Wednesday, October 1, 2014

Trapped

I hate feeling trapped.


Literally - I hate being in crowds and physically feeling trapped in a small space with no way out - subways, airplanes, crowded meeting rooms, concerts, etc.


and


Metaphorically - When I was 15 and 16, I was dating a guy who had a lot of problems. It turned out that his problems ran deeper than I even knew, but of everyone he knew he shared the most with me. And I became placed in this trapped position. Should I stay loyal to him and not share what I knew with an adult who was in a better position to help him than I was ... OR should I "tell" on him with the aim of getting him help and risk him hating me for violating his trust? I chose to stay loyal to him. The situation ended crappily and, while I stayed loyal to him by not violating his trust, I don't think I was being a very good friend because I ended up not doing anything to help him.


And so I'm sort of in a similar position now in this damned if you do/damned if you don't scenario. I feel trapped. I'm trying to take my time and think things through. The path of least resistance is to do nothing, and it's tempting because it's easy. It's harder to stick your neck out and risk losing a friendship and being hated.

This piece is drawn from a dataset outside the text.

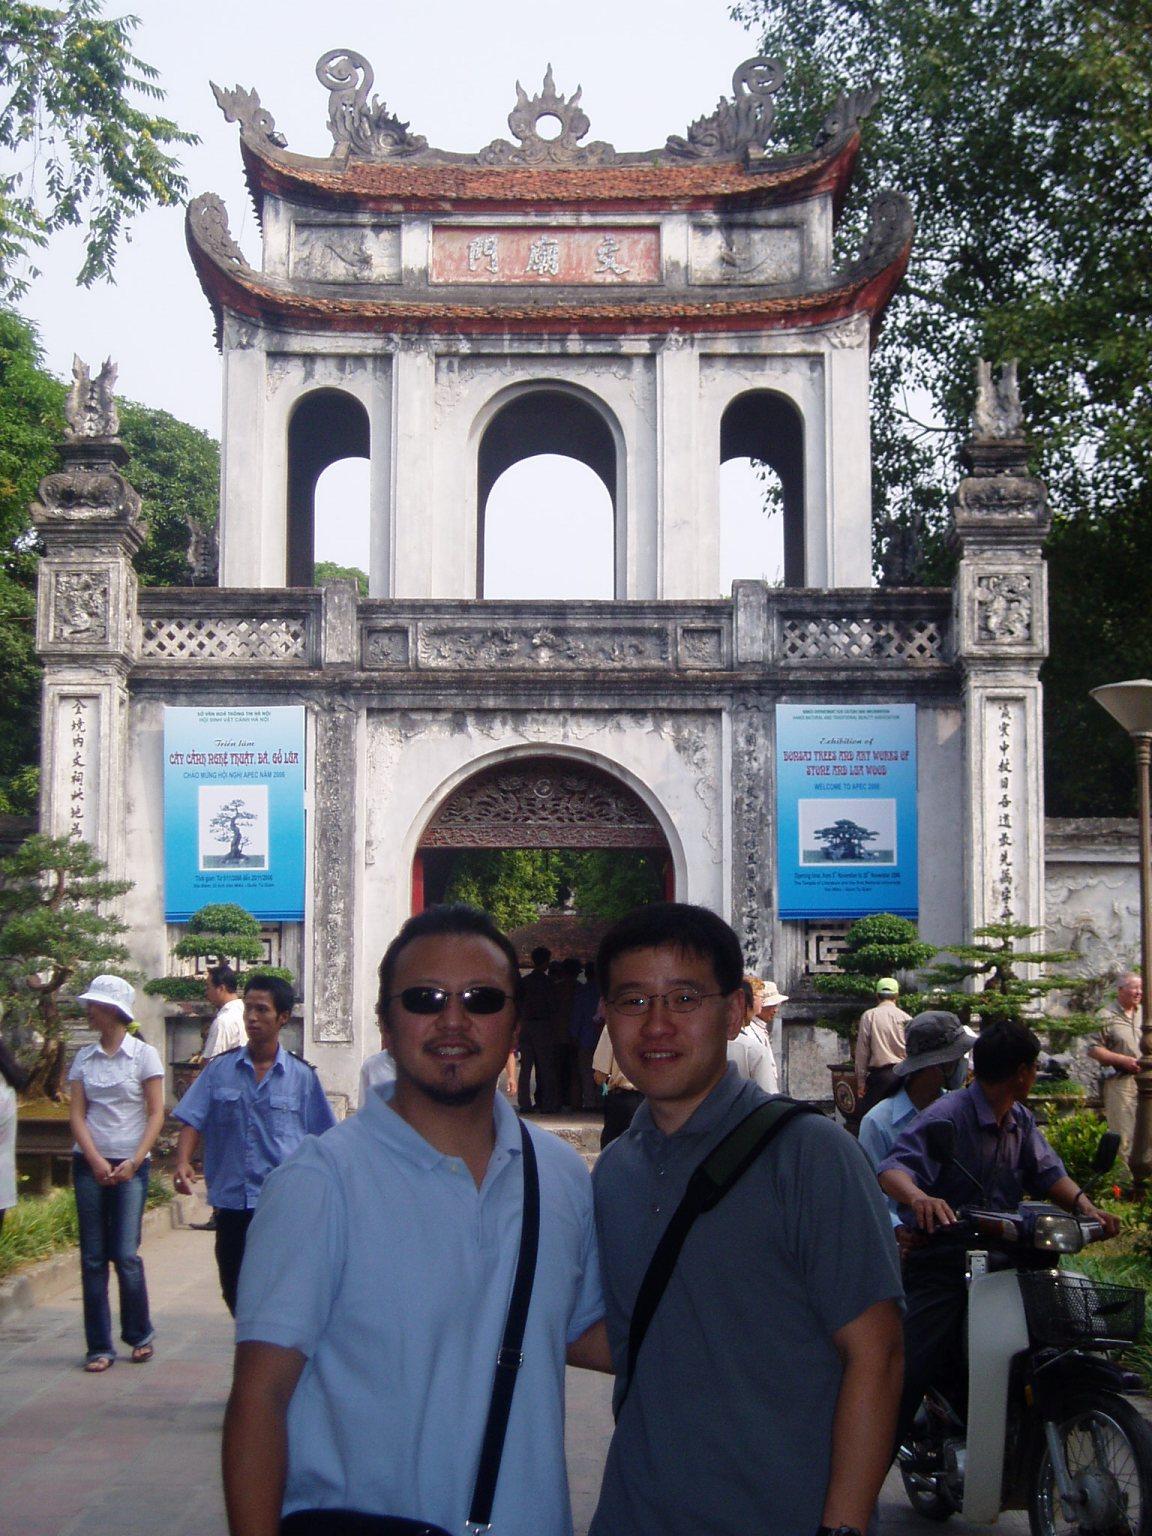 Ben and me - 1st University.JPG

I have to think about what I would want if I was the other person.

3 comments:

jojo cucina cucina said...

True Friends Stab You in the Front is one of my favorite sayings. (I think Ogden Nash said it).

I would be willing to bet that your gut instincts are always the way to go but maybe you haven't always followed them. I would say to you to trust them because you have thought them through and are prone to behave as i would tend to do, which is a knee jerk reaction to fix it now and think about it later.

When put in a situation as your friend has put you in, i would not worry so much about losing that friendship because no friend should be angry at any attempt of yours where you are only trying to help and do the right thing. I would be more mad at them for putting me in that position in the first place.

It's why i love that other quote: Eggs Should Not Dance with Stones. (Charlie Chan said that one i think.) I used to have both of these written on my office whiteboard for years and years.

jojo cucina cucina said...

I left out the word NOT as in 'NOT prone to behave as i would do....'

jojo cucina cucina said...

In other words. Risk losing the friendship and do what you think is right. If having a friend like this often puts you in this position to me that is an unbalance where one friend is always having the job of lifting the other one up but there is no vice versa. And what kind of friend is that really? Always being on the rescue team is not really being a friend, it's being an unpaid (and unqualified) counselor.